Nanotechnology Applications in Immunology and Allergy

MARCH 04, 2014
Julian Kaye, PhD
Nanotechnology uses the unique properties of objects that function as a unit within the overall size range of 1-1,000 nanometres (nm). During a presentation at the 2014 Annual Meeting of the American Academy of Allergy, Asthma & Immunology, held February 28 – March 4, 2014, in San Diego, CA, renowned authority on the application of nanotechnology to immunology and allergy James R. Baker, MD, pointed out that biology is inherently a nanoscience. For example, proteins and viruses are in the 1-100 nm nanoscale range. Certain synthetic nanoparticles, called dendrimers, have a regular globular structure which is reminiscent of viruses, which are approximately 50 nm in diameter.
Baker, who is the director of the Michigan Nanotechnology Institute for Medicine and Biological Sciences, University of Michigan, is one of the authors of an article on the applications of nanotechnology in immunology recently published in Nature Reviews Immunology. In the article, the authors noted that “The engineering of nanostructure materials (including nanoparticles, nanoemulsions, and nanotubules) holds great promise for the development of new immunomodulatory agents, as such nanostructures can be used to more effectively manipulate or deliver immunologically active components to target sites. Successful applications of nanotechnology in the field of immunology will enable new generations of vaccines, adjuvants and immunomodulatory drugs that aim to improve clinical outcomes in response to a range of infectious and non-infectious diseases.”
Because nanoparticles can migrate in tissue because of their size and vary in their characteristics (which is important when considering pharmacologic applications), the size, structure, and composition of nanoparticles is very important, said Baker.
Baker said that nanoparticle size plays an important role when considering barriers to the uptake of supermolecular therapeutics. For example, the pores in blood vessel walls are usually less than 50 nm in diameter, which would inhibit the passage of larger particles. Thus, drug delivery particles (eg, tumoricidal agents) must be less than 50-60 nm to pass through the blood vessel wall and enter the target tissue.
Dr. Baker’s presentation potential applications for nanoparticles in three main areas: antigen delivery and induction of innate immunity, induction of specific immune responses, and suppression of immune responses.
In terms of activation of innate immunity, Baker said nanoparticles can be used to deliver antigens and activate innate pathways. Nanoemulsions can be used to enhance delivery to the immune system compared to saline suspensions. This has been demonstrated using green fluorescent protein (GFP) delivered to the nasal epithelium in mice and also to lymph nodes.
Lipid-based nanoparticles containing quantum dots can enter the vascular epithelium without disruption except for some vacuolization followed by internalization into dendritic cells. This is an important step in activating the immune system.

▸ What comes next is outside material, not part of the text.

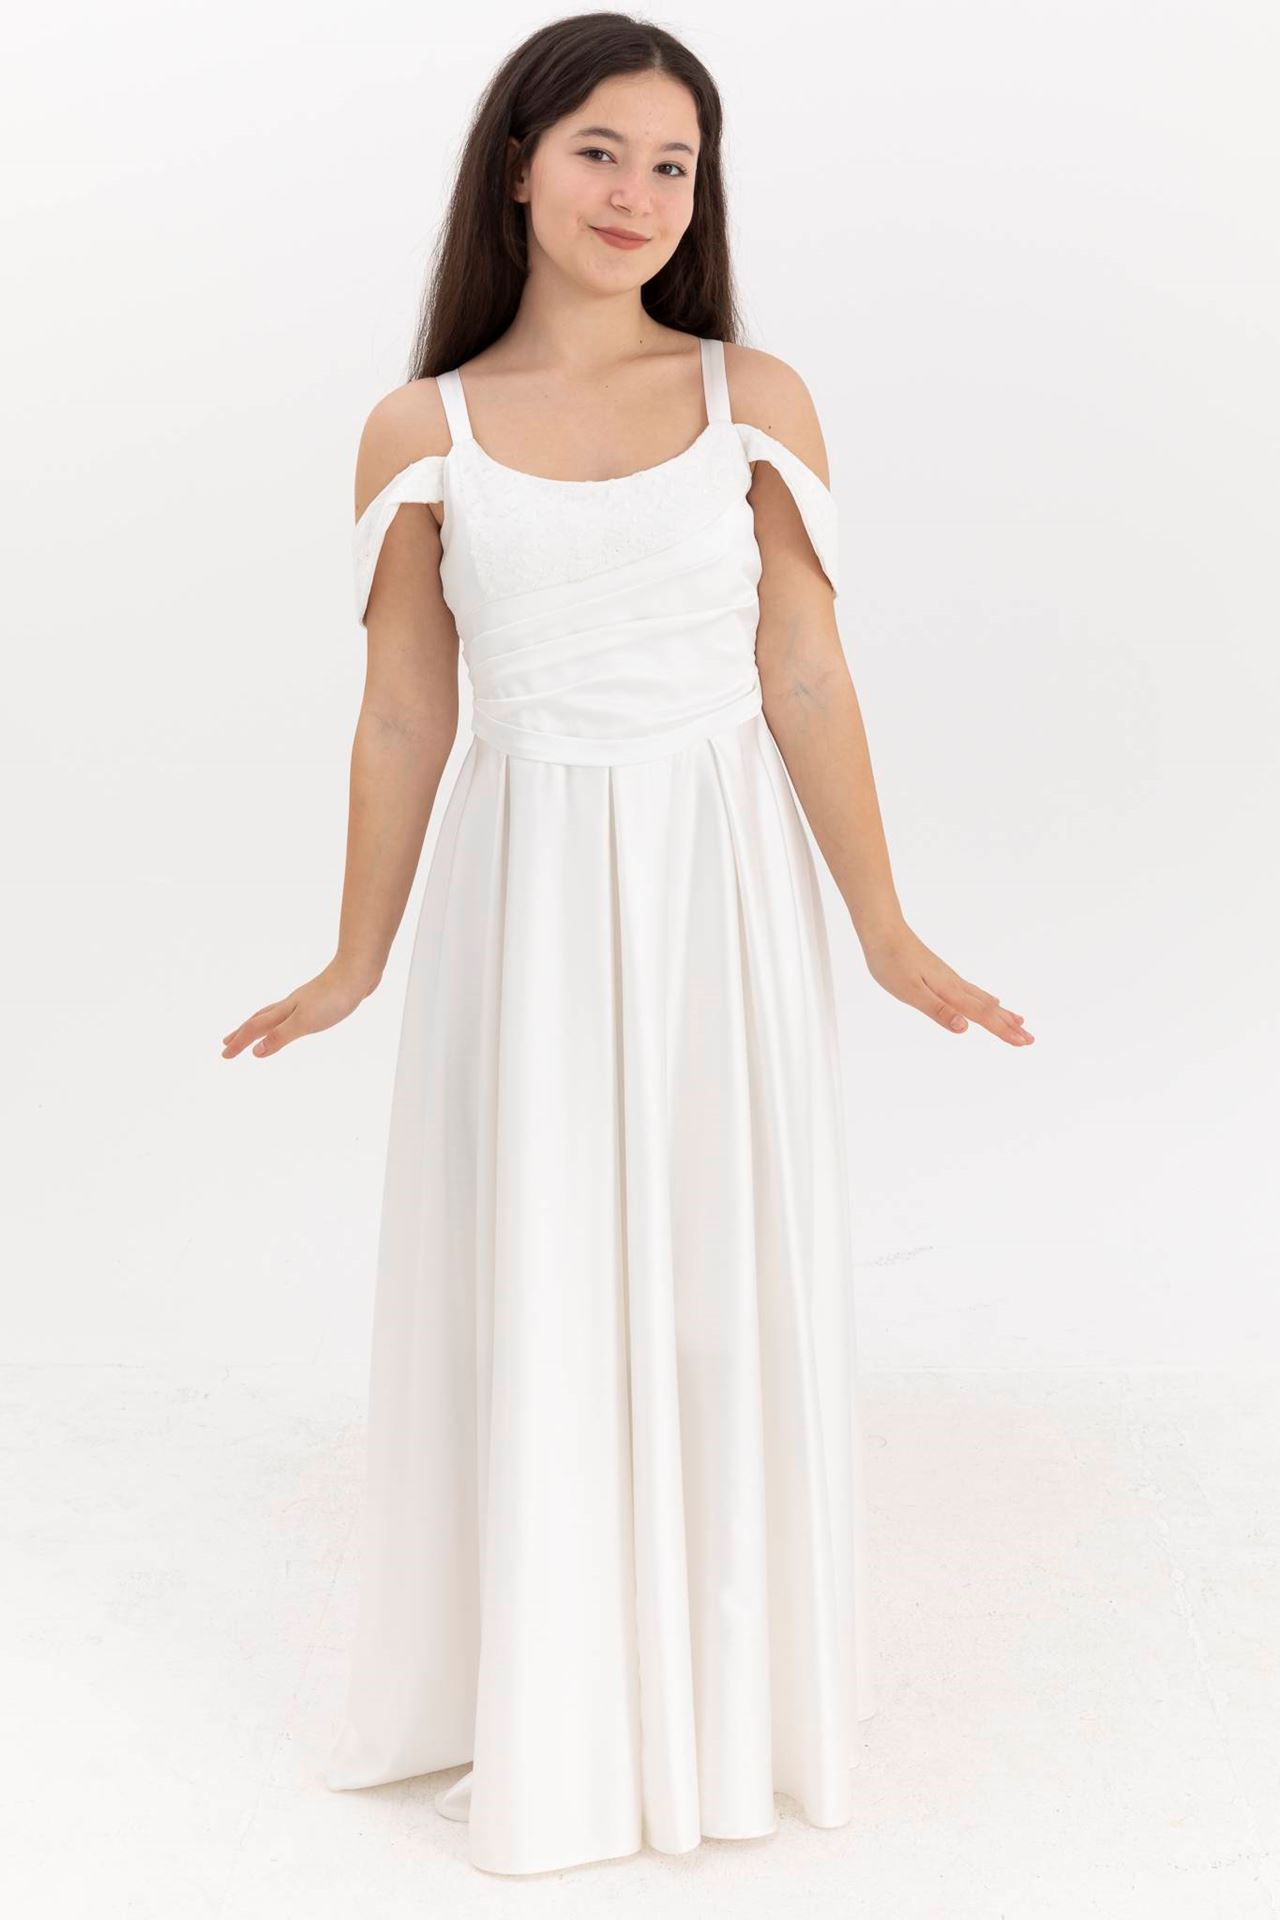 Aquamarine 12-16 Years Old Girl Dress 50004 Off White
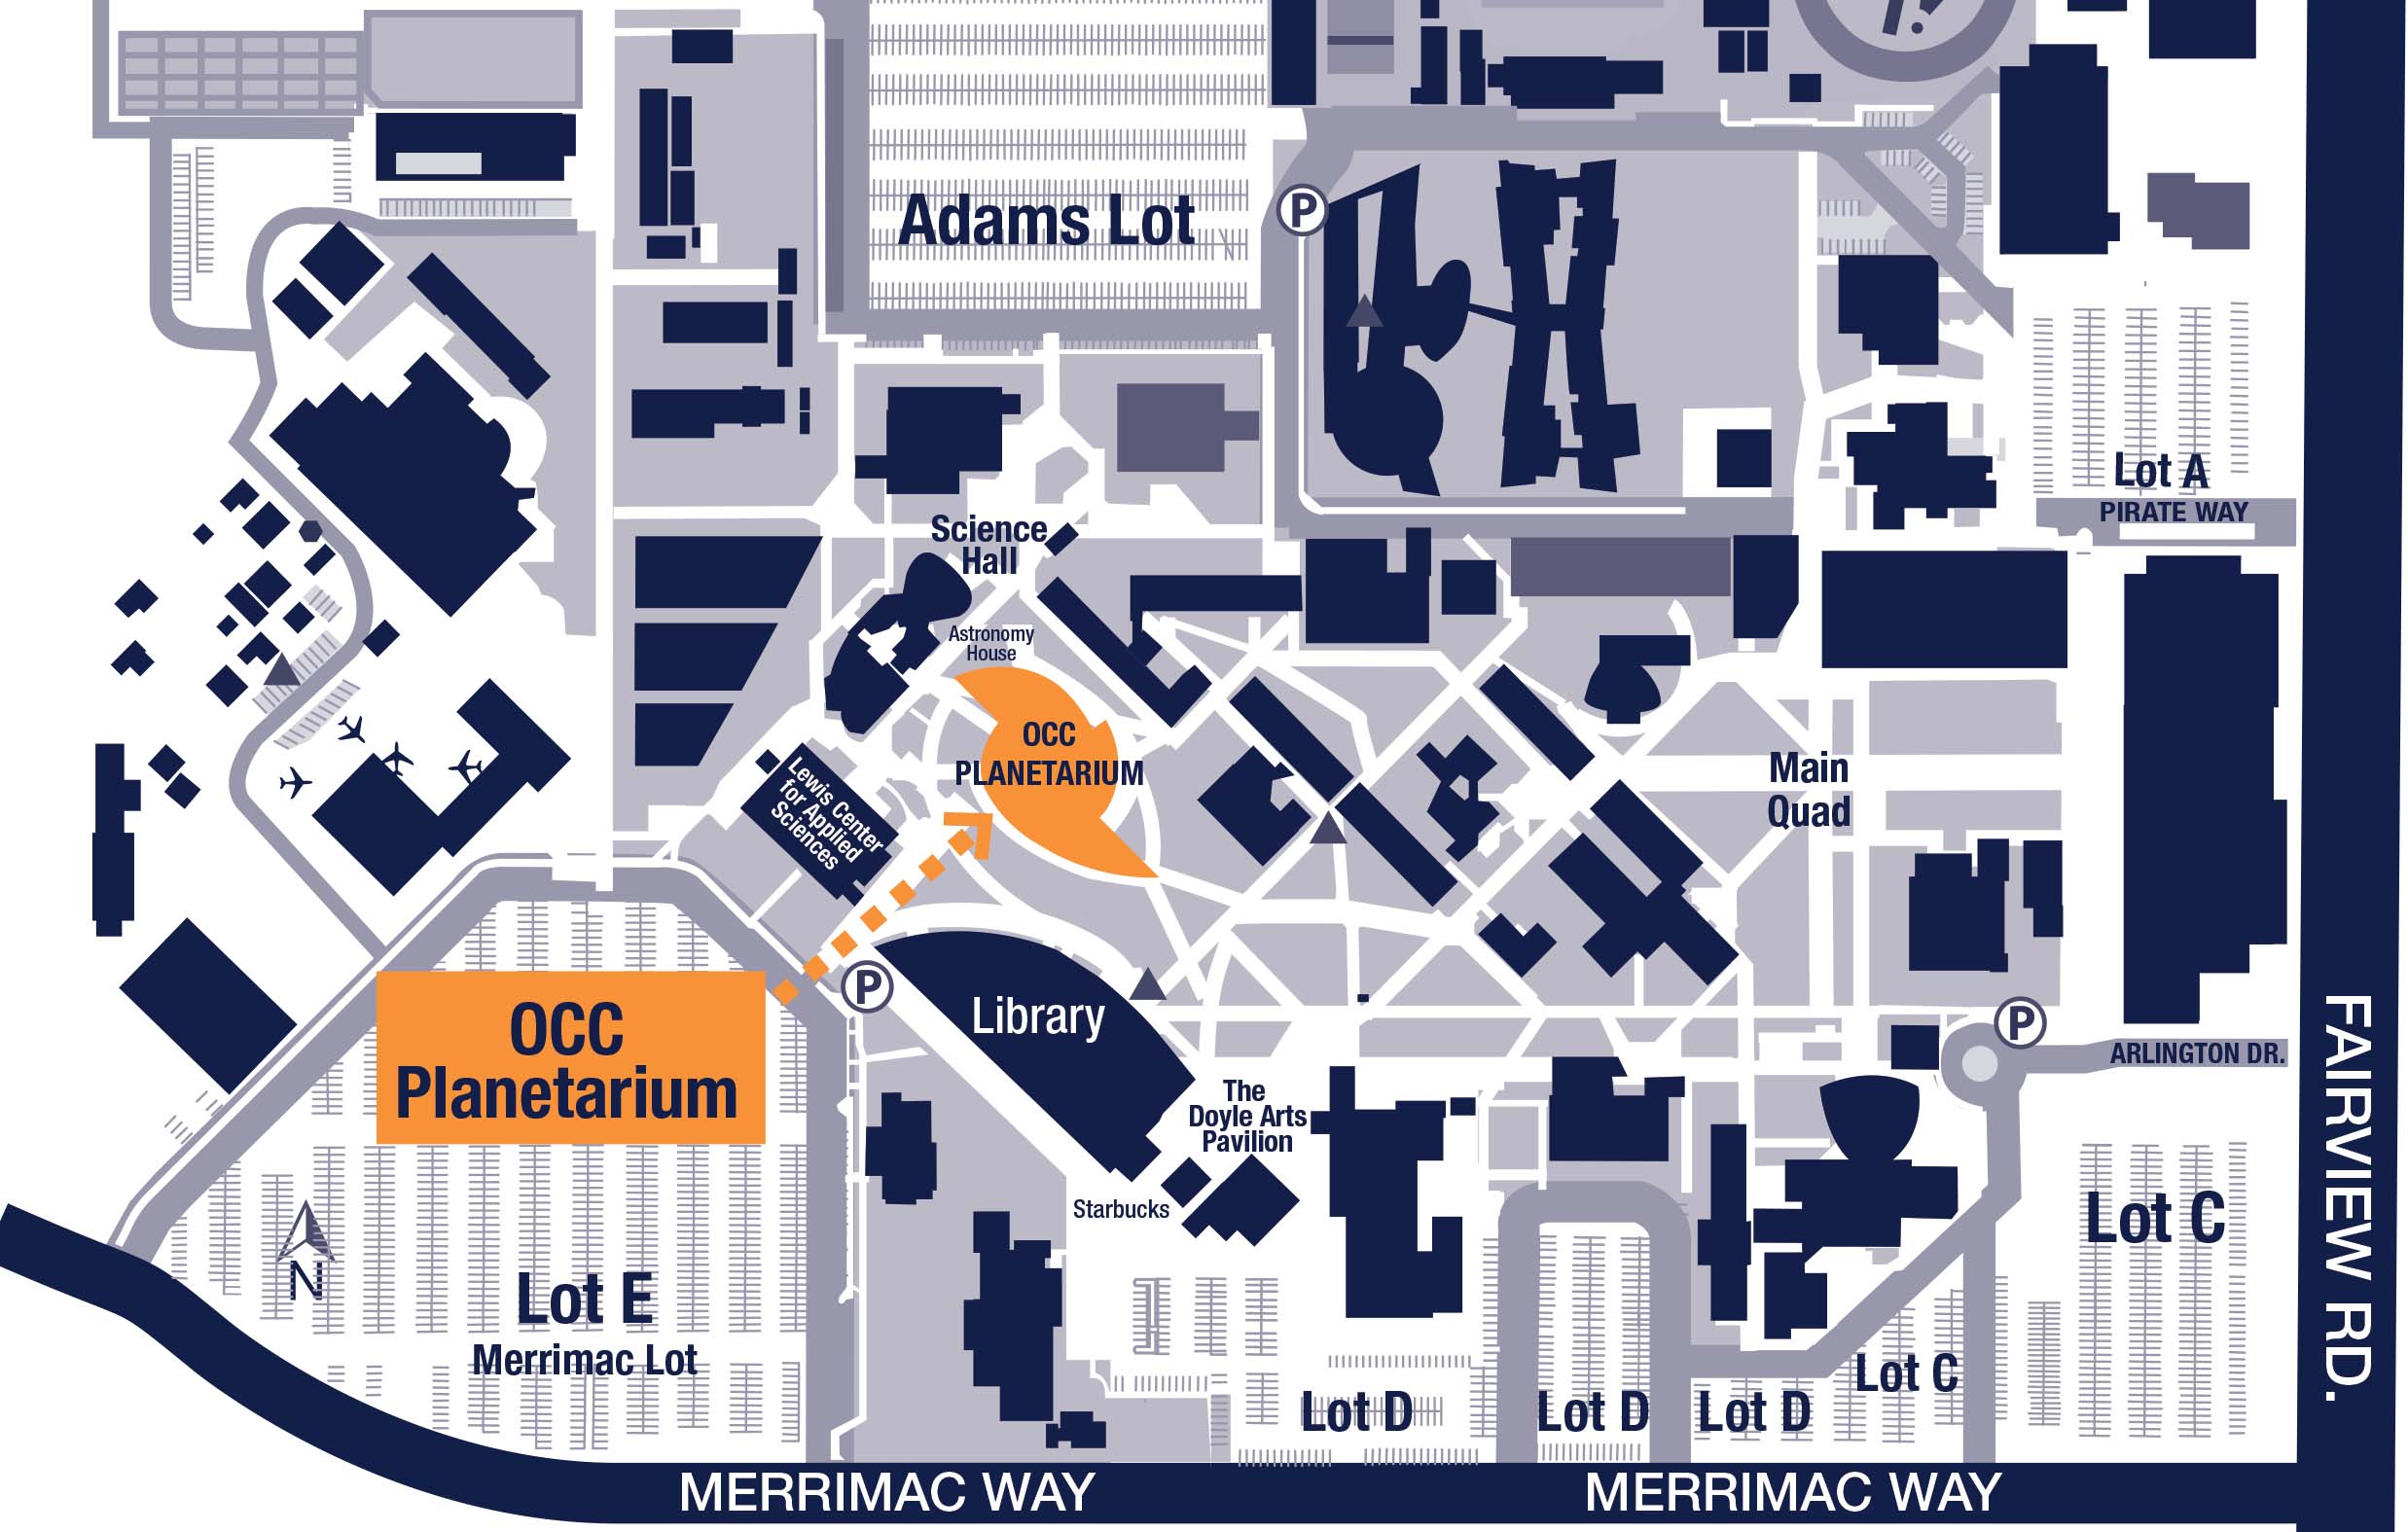 planetarium location marked in orange on the campus map

Lipid nanoparticles can also act as a reserve of activity, whereas saline-based particles are more rapidly cleared. This has been shown intranasally in mice, but using red fluorescent protein (RFP).
Nanoparticles have been used to induce specific immune responses in various vaccination formulations, such as in the development of experimental RSV vaccines. The use of conventional, formalin-inactivated RSV vaccines in the 1960s led to severe Th2 cytokine-mediated eosinophilic disease, causing death in some infants.
Nanomaterials also have capabilities for suppressing immune responses by different mechanisms, such as developing nanoparticles that inhibit target cells by direct dendritic or T-cell suppression. Alternatively, nanoparticles can be used to enhance the delivery of active suppressive molecules to the cells. Experimentally, activation of Toll-like and NOD-like receptors modulates immune responses.
Baker introduced a caveat here, and noted that very small nanoparticles (< 20-30 nm) tend to be taken up by the macrophages and are not broken down during the activation process involving apoptotic bodies and dendritic cells. These small particles have been shown to stimulate granulomatosis. Granulomas formed in the lungs of experimental mice are reminiscent of those seen after exposure to particulates from diesel oil combustion.
Because of their size, the possibility of structuring them for unique purposes, and their specific uptake by immune cells, nanomaterials have unique capabilities for altering immunity. One of the most promising areas of research involves the delivery of immunosuppressive drugs to immune cells by functionalized nanoparticles.
Successful applications of nanotechnology in the field of immunology will enable new generations of vaccines, adjuvants, and immunomodulatory drugs that aim to improve clinical outcomes in response in a range of infectious and non-infectious diseases.